> [Exercise data]:
Start of Block

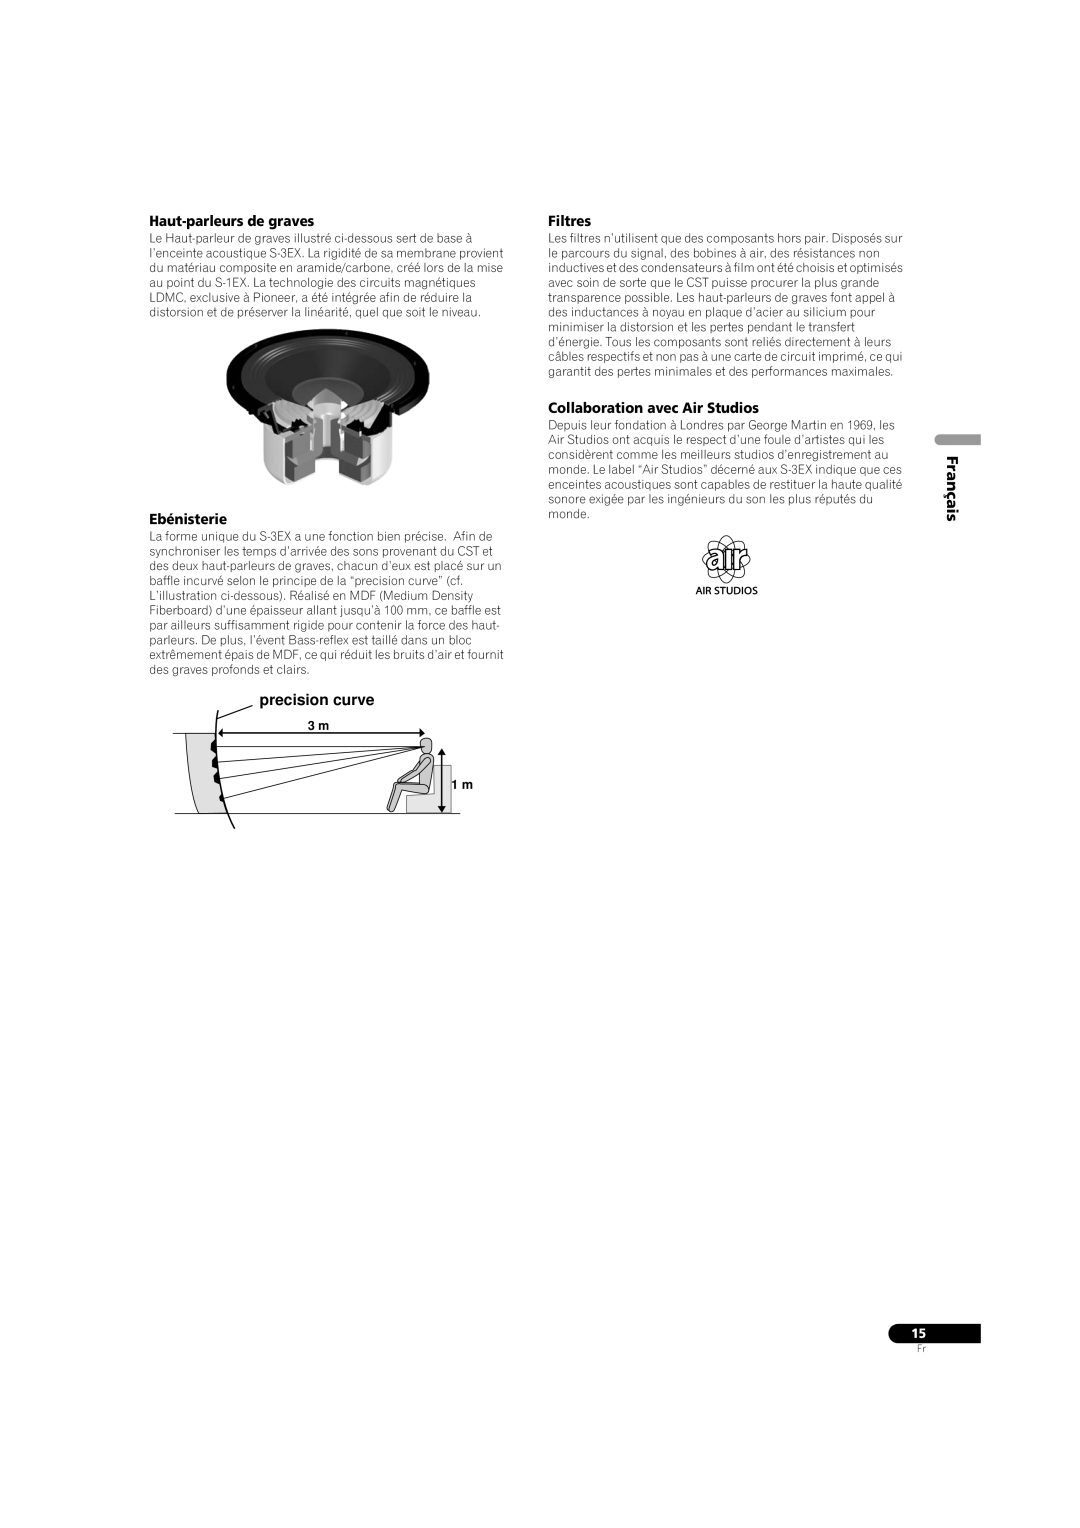 Pioneer S-3EX Haut-parleursde graves, Ebénisterie, Filtres, Collaboration avec Air Studios, precision curve, Français 
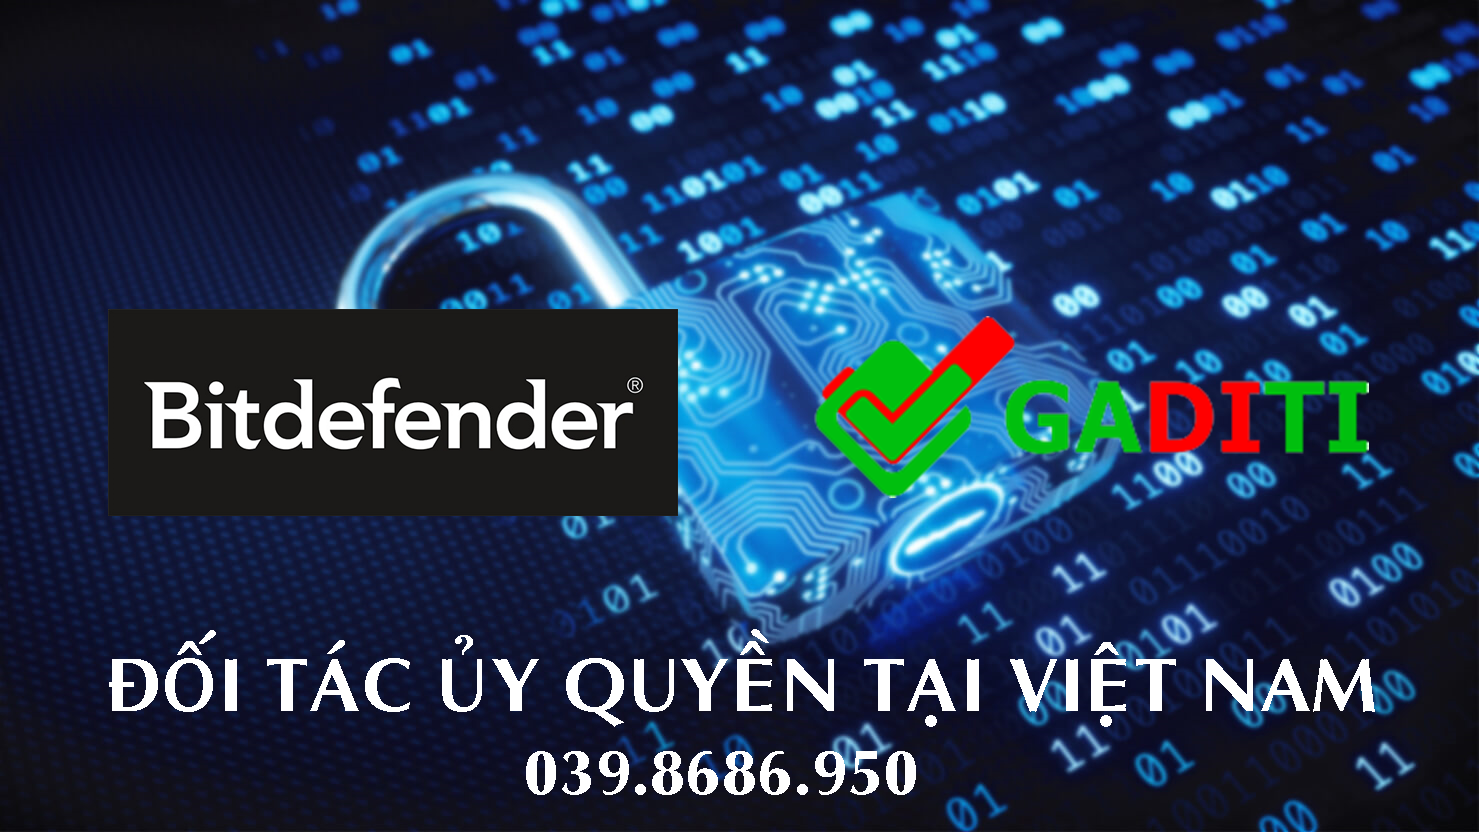 GADITI là đối tác ủy quyền Bitdefender tại Việt Nam
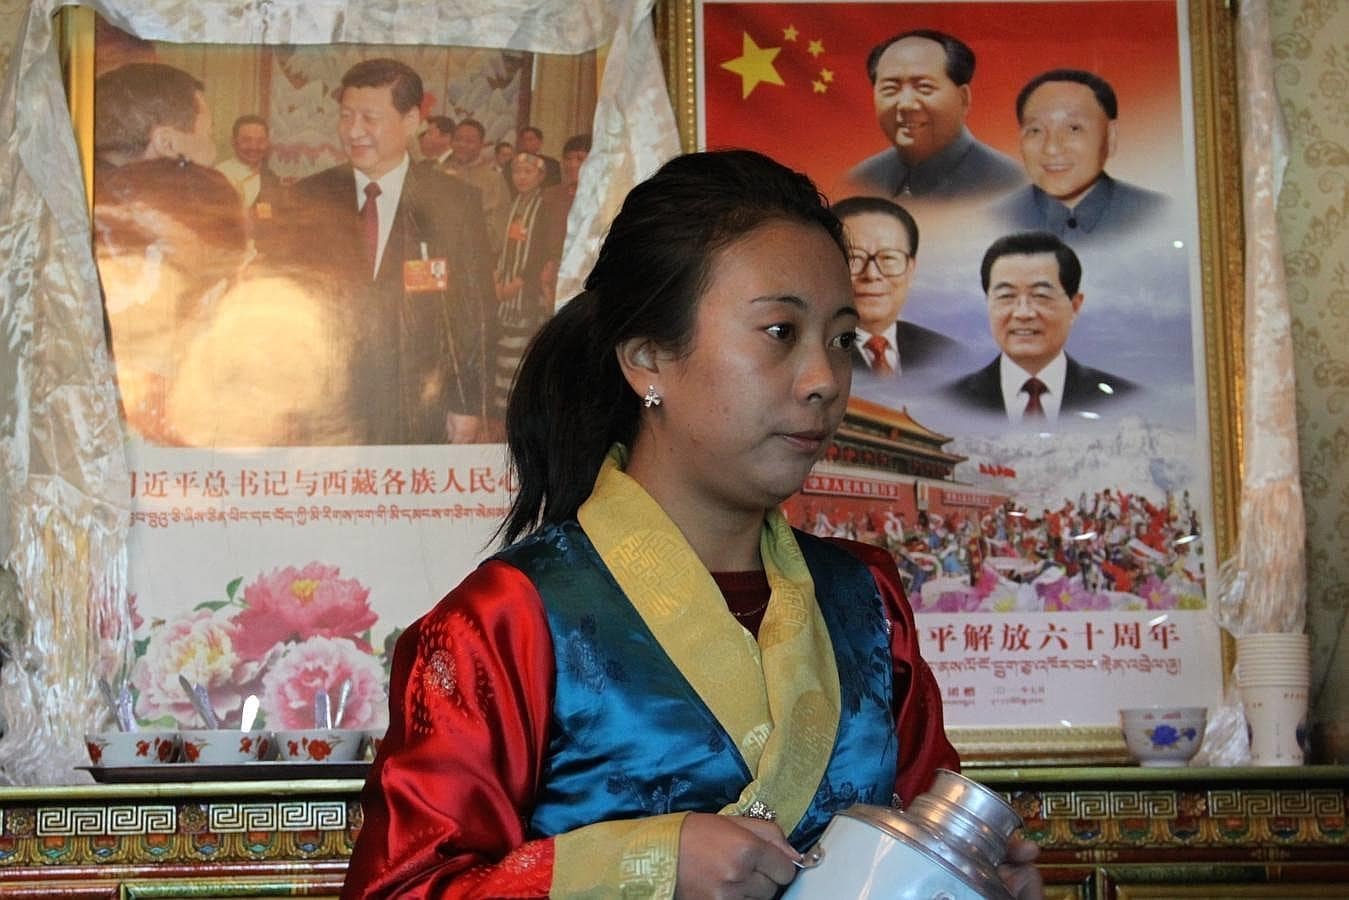 La propaganda del Partido Comunista abunda en Tíbet
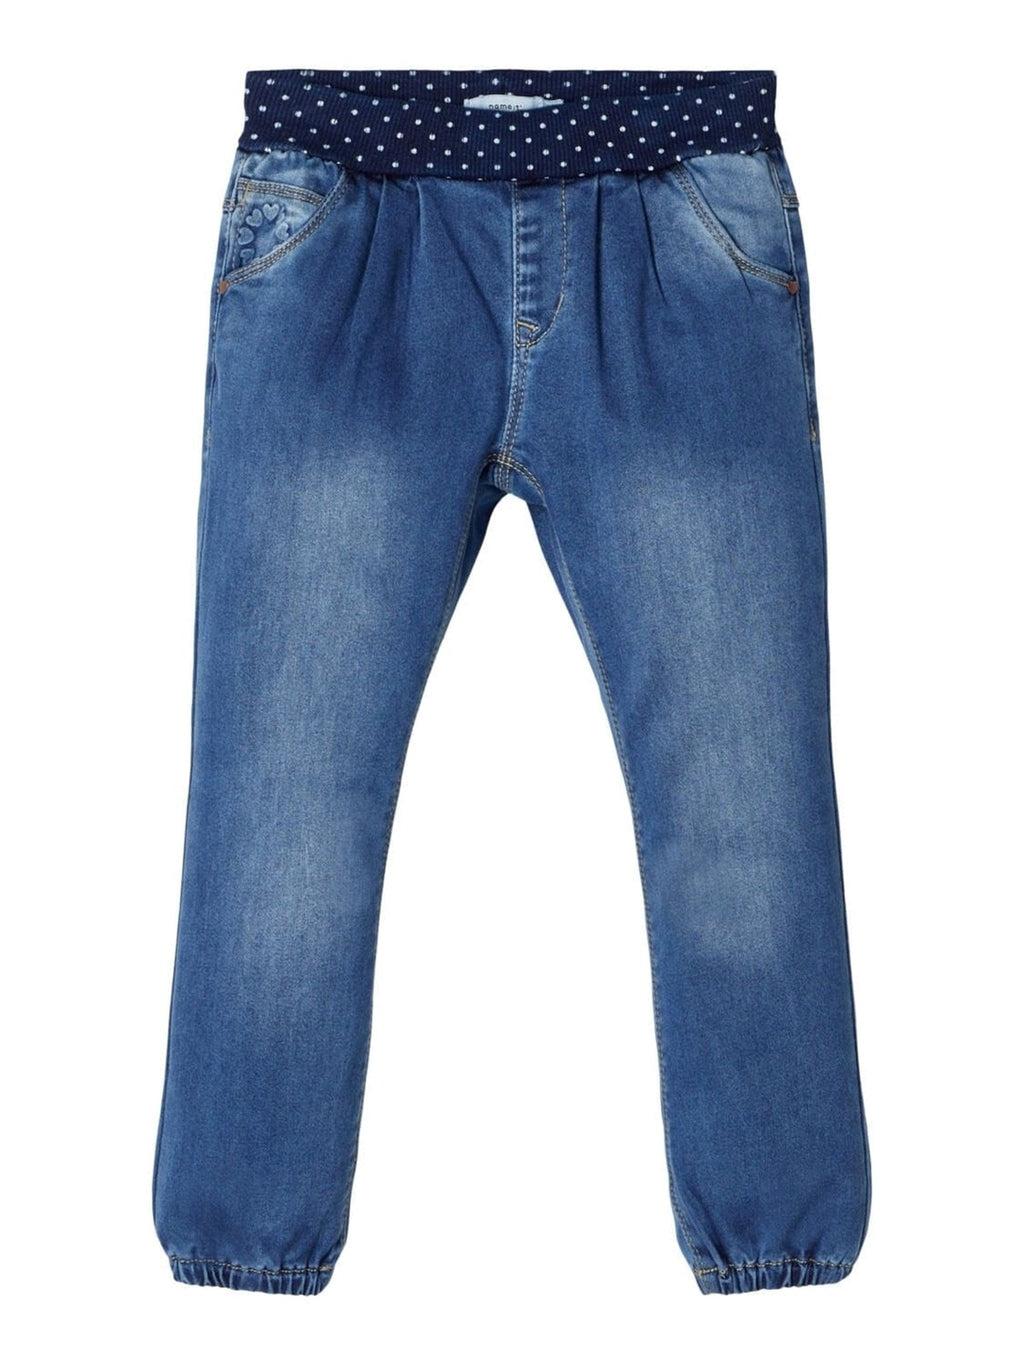 Bibi jeans - Blue denim

End of Block

What you return should be the exact lines from the one containing "La propaganda del" through the end of the listing above, both included, minus any pictures.

> [Completed task]:
 La propaganda del Partido Comunista abunda en Tíbet
 Bibi jeans - Blue denim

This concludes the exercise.